# Yamaha MagicStomp/AG Stomp



## whackystrings (Feb 11, 2006)

Just wondering what other folks are using/have used the Yamaha MagicStomp (or the AG Stomp, for that matter) for acoustic recording or performance. I have the original M'Stomp and then they came out with vII and the Acoustic one.

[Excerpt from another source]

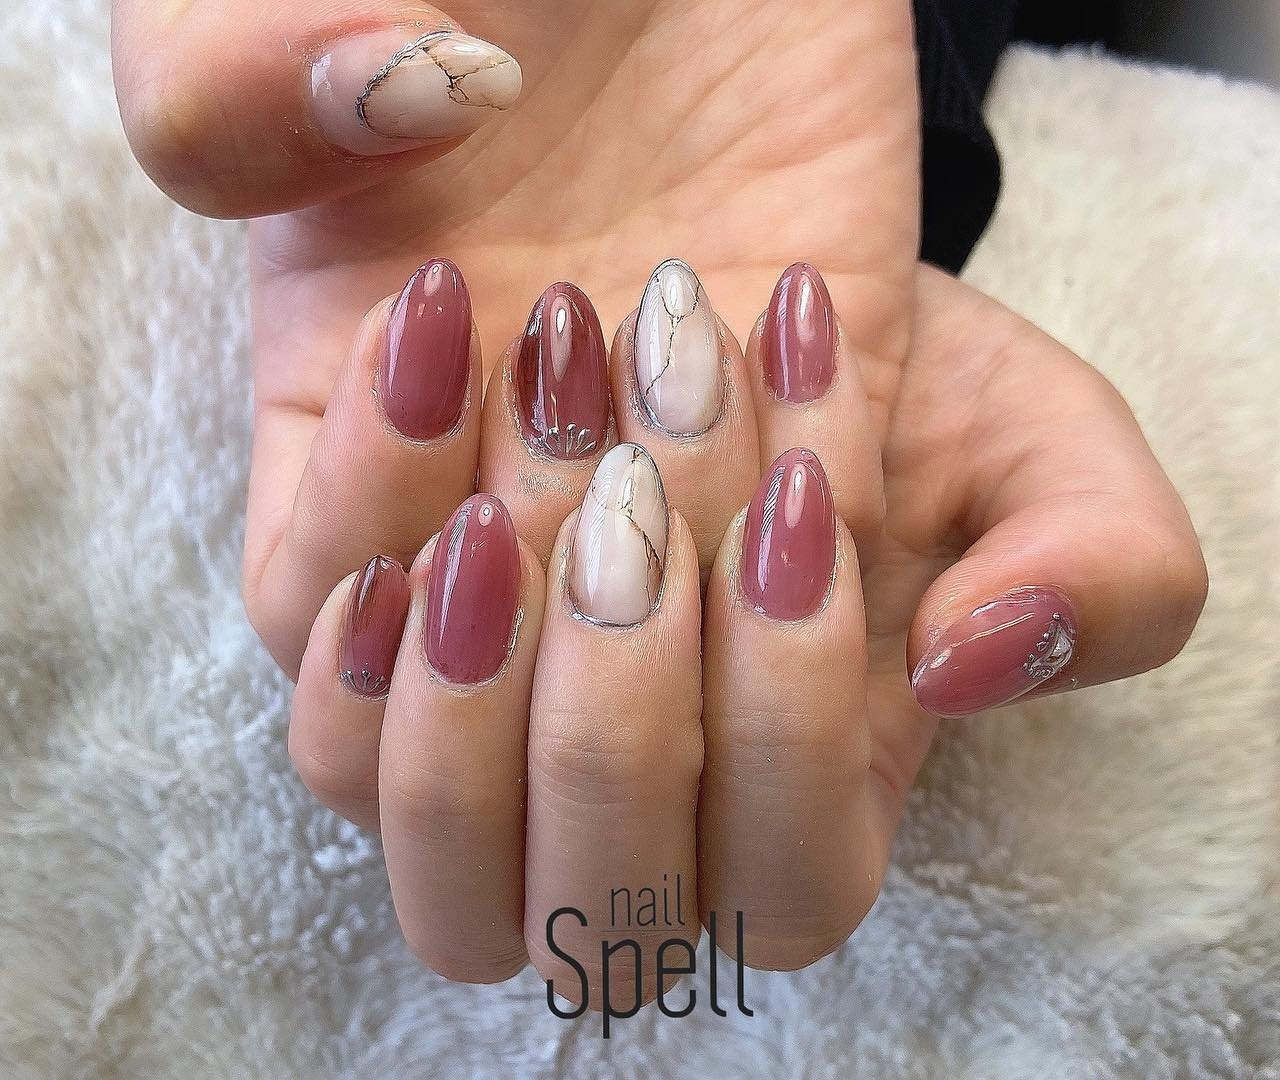 White stone💅 ︙ #gelnail#gel#nailspell#nailstagrame #nailsalonspell #nails #春ネイル#ネイル#手描きアート#ジェルネイル#ネイルデザイン#くすみピンクネイル#ネイルブック #kokoist#上田市ネイルサロン#stonenails #ニュアンスネイル#大理石ネイル #nailSpell_azusa #ネイルブック
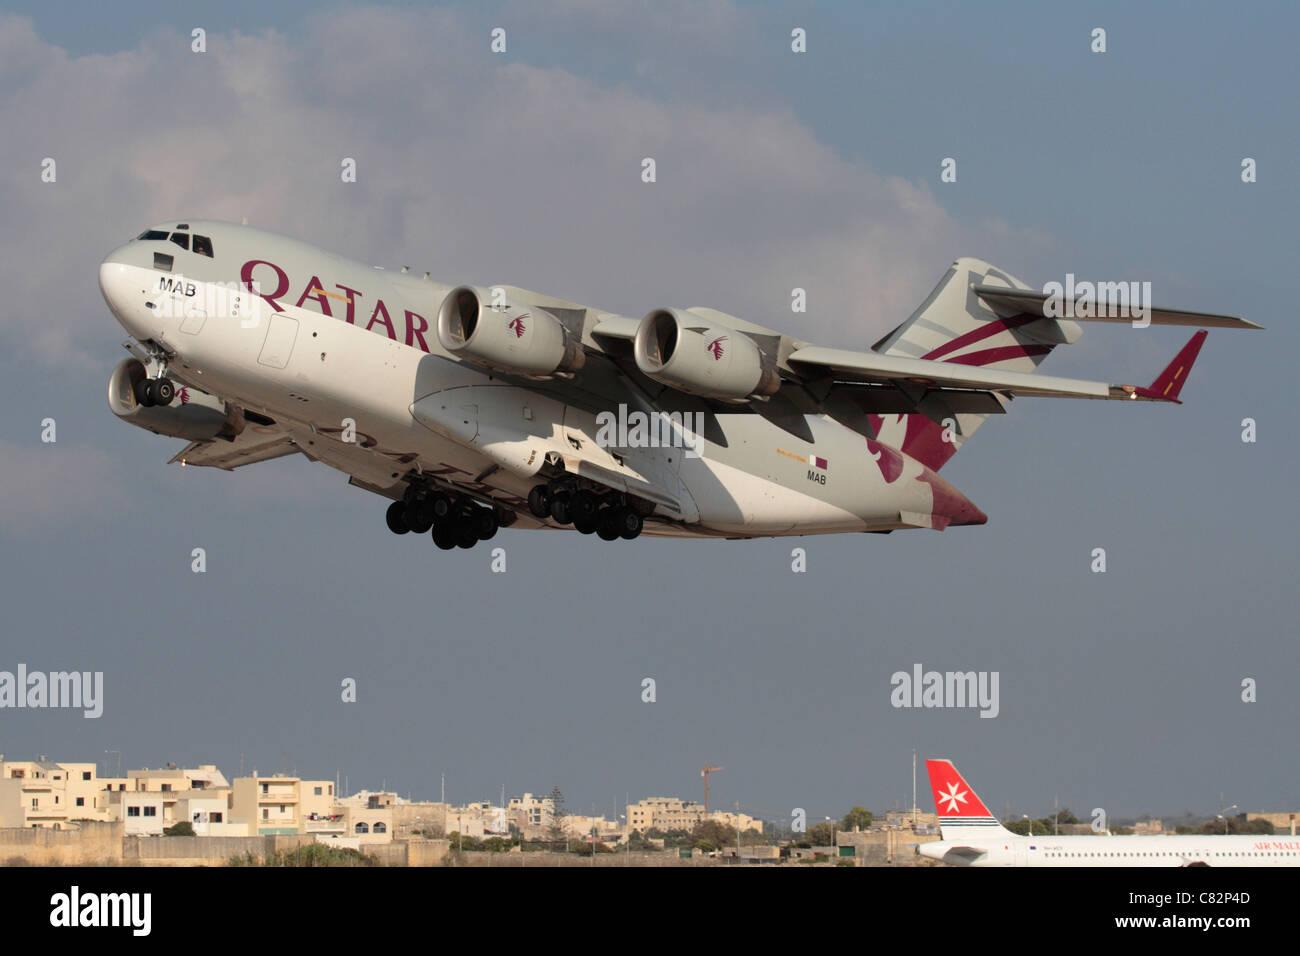 Qatar Emiri Air Force Boeing C-17A Globemaster III heavy military cargo jet taking off Stock Photo

I have had my M'Stomp for quite a while and only just started trying it with my S&P 6-String and was muuuch happier with the results than my little Behringer Acoustic pre-amp/DI pedal (the brown one) which I now hold a fairly low opinion of.

thanks

~ws~


----------



## Gunny (Feb 21, 2006)

I have the EB bass version. Not quite the same as your inquiry. It is a quality piece of gear, extremely quiet. Has a ton of effects, although I only use a few. If the other MStomps in the production line are as good as mine, and I suspect they are, I can highly recommend them. Tough too. Mine took a drop of 5 ft with no problem.


----------



## david henman (Feb 3, 2006)

...i snagged the green zoom a2:

http://www.samsontech.com/products/productpage.cfm?prodID=1869&brandID=4 

which will do for now, but the yamaha ag stomp would probably be much better quality, if i can find one used.

-dh


----------



## PaulS (Feb 27, 2006)

david henman said:


> ...i snagged the green zoom a2:
> 
> http://www.samsontech.com/products/productpage.cfm?prodID=1869&brandID=4
> 
> ...


I have a yamaha Acoustic stomp that I might be interested in parting with. Hardly used, mint shape all docs. PM me if interested.


----------